There were 437 households, out of which 32.5% had children under the age of 18 living with them, 51.7% were married couples living together, 11.2% had a female householder with no husband present, and 32.3% were non-families. 27.9% of all households were made up of individuals, and 12.1% had someone living alone who was 65 years of age or older. The average household size was 2.46 and the average family size was 2.97.

In the village, the population was spread out, with 27.5% under the age of 18, 7.4% from 18 to 24, 28.5% from 25 to 44, 20.6% from 45 to 64, and 16.1% who were 65 years of age or older. The median age was 36 years. For every 100 females, there were 94.9 males.

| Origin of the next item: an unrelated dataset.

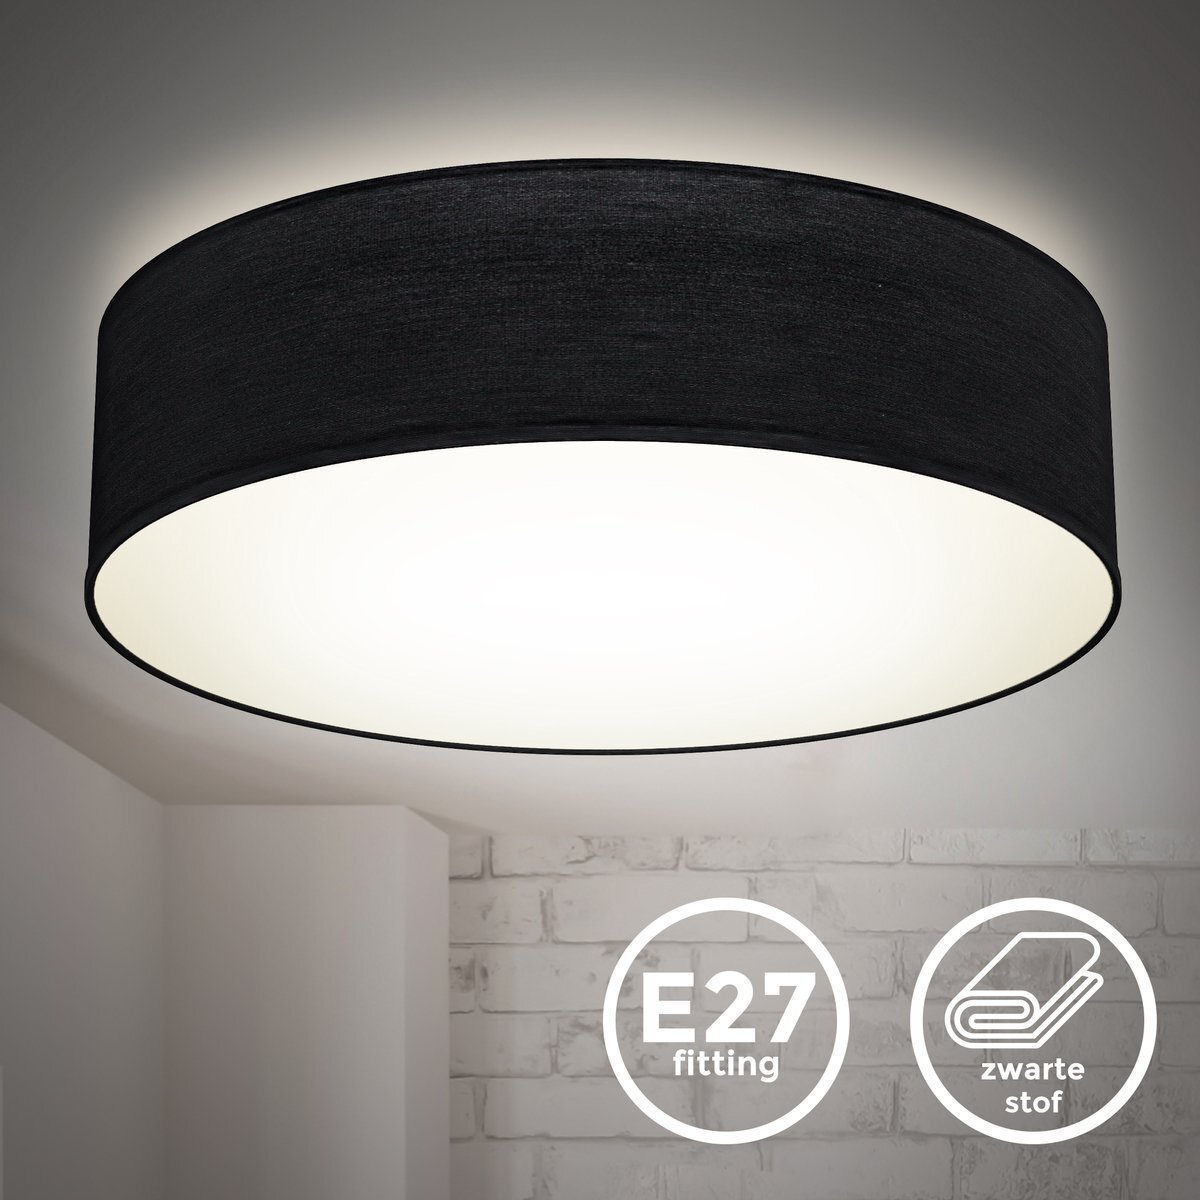 B.K.Licht - Decoratieve Plafondlamp - Ø38cm - modern - voor binnen - zwart - met E27 fitting - excl. lichtbronnen

For every 100 females age 18 and over, there were 91.9 males.

The median income for a household in the village was $34,297, and the median income for a family was $40,714. Males had a median income of $35,000 versus $20,625 for females. The per capita income for the village was $16,148. About 6.8% of families and 10.9% of the population were below the poverty line, including 12.4% of those under age 18 and 12.7% of those age 65 or over.

==Education==
Lakeview has a public library, a branch of Logan County Libraries.

==Transportation==
Lakeview's location at the southwest corner of Indian Lake causes several highways to pass through the village. U.S. Route 33 goes through Lakeview's downtown, while State Routes 235 and 366 pass along the lakeshore. State Route 720 passes through the extreme south of the village.